Check it out, and then add your own entries below.

The Beyond (1981)
Lucio Fulci’s gory, surreal and silly zombie masterpiece is a Marmite movie. Like the classic British spread, you either love it or hate it. But whichever side you’re on, it’s impossible to deny its weirdness. Set in Louisiana, its Southern Gothic zombie apocalypse unfolds with Lovecraftian menace before literally falling apart in a jumble of demented editing, ropey SFX sequences (tarantulas eating eyeballs!) and portentous cod-philosophical muttering. Fulci cobbled it together cheaply – even hiring winos off the streets to play zombies. For me, no matter how silly it gets, it retains a nightmarish terror that’s borderline avant garde.
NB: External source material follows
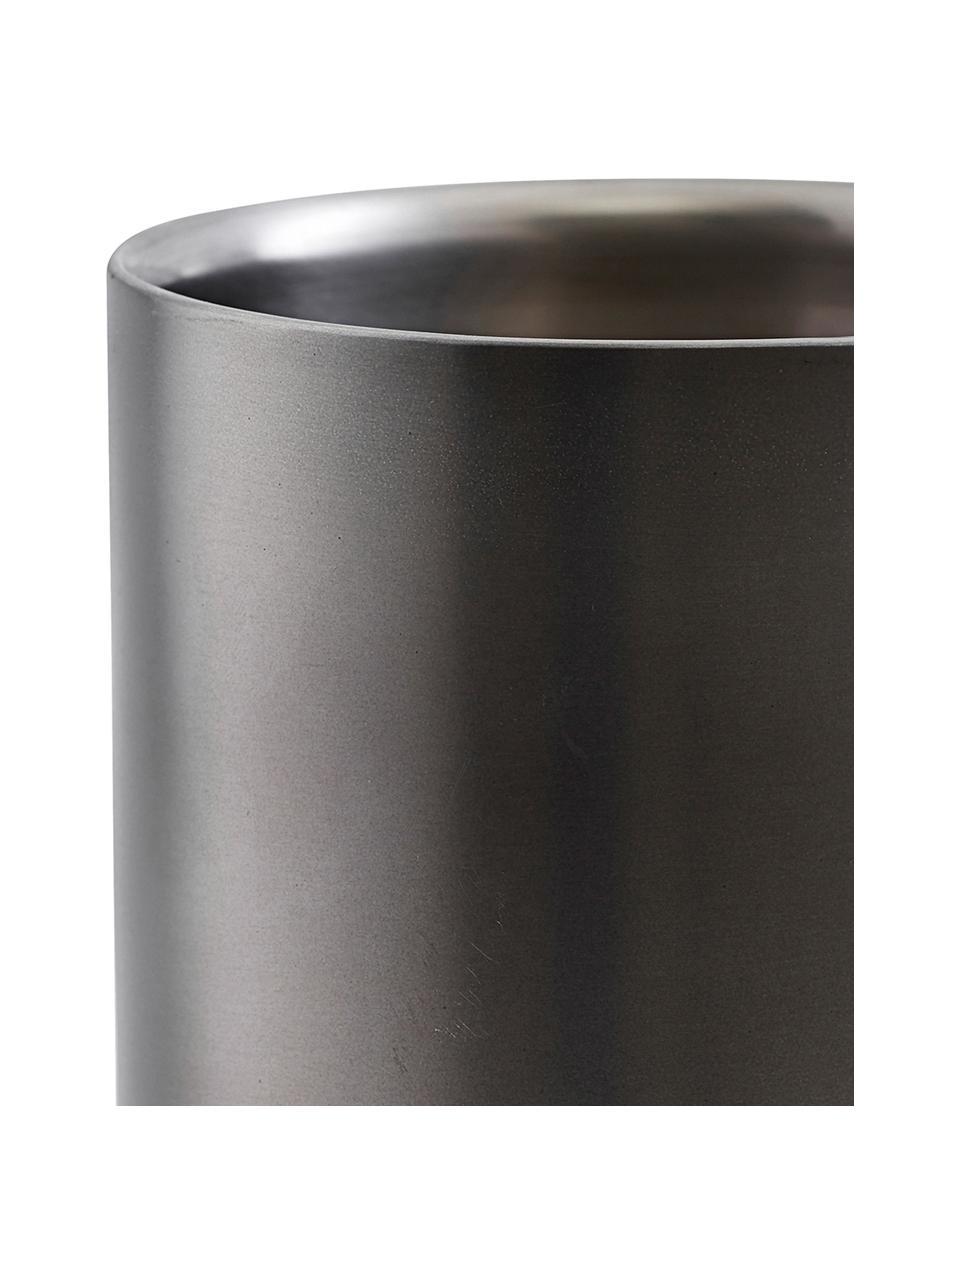 Cooler Gunmetal, Stal szlachetna, powlekana, Antracytowy, Ø 12 x W 20 cm

It unfolds in a surreal universe where the logic of time and space has collapsed and the dead shuffle with incomprehensible menace. Not everyone saw it that way. Actor David Warbeck was particularly unimpressed – check out the blink-and-you’ll-miss-it shot in the hospital lift where he jokingly reloads his revolver by trying to insert a bullet down the barrel!

Pontypool (2008)
One of my favourite zombie movies of the last decade, Pontypool only features one zombie… Inspired by Orson Welles’ infamous, 1938 War of the Worlds radio broadcast, Pontypool also draws on William S. Burroughs and Roland Barthes. It pivots on a bonkers premise: The English language contains a virus that’s suddenly turning people into zombie-like chatterers. Unable to find meaning in words, the infected start spouting random gibberish, before biting the lips off their victims. Reporting on the chaos unfolding off-screen is Stephen McHattie’s cynical shock jock DJ, who slowly realises that the death of words = the death of the self. A horror movie full of creeping dread and incredible weirdness, Pontypool delivers a semiotic apocalypse of nonsense/no-sense – a tale of linguistics and the living dead that will leave you feeling truly scared… scarred… scored… scorched. Rightly described by New York Times Magazine as “the Finnegan’s Wake of zombie movies.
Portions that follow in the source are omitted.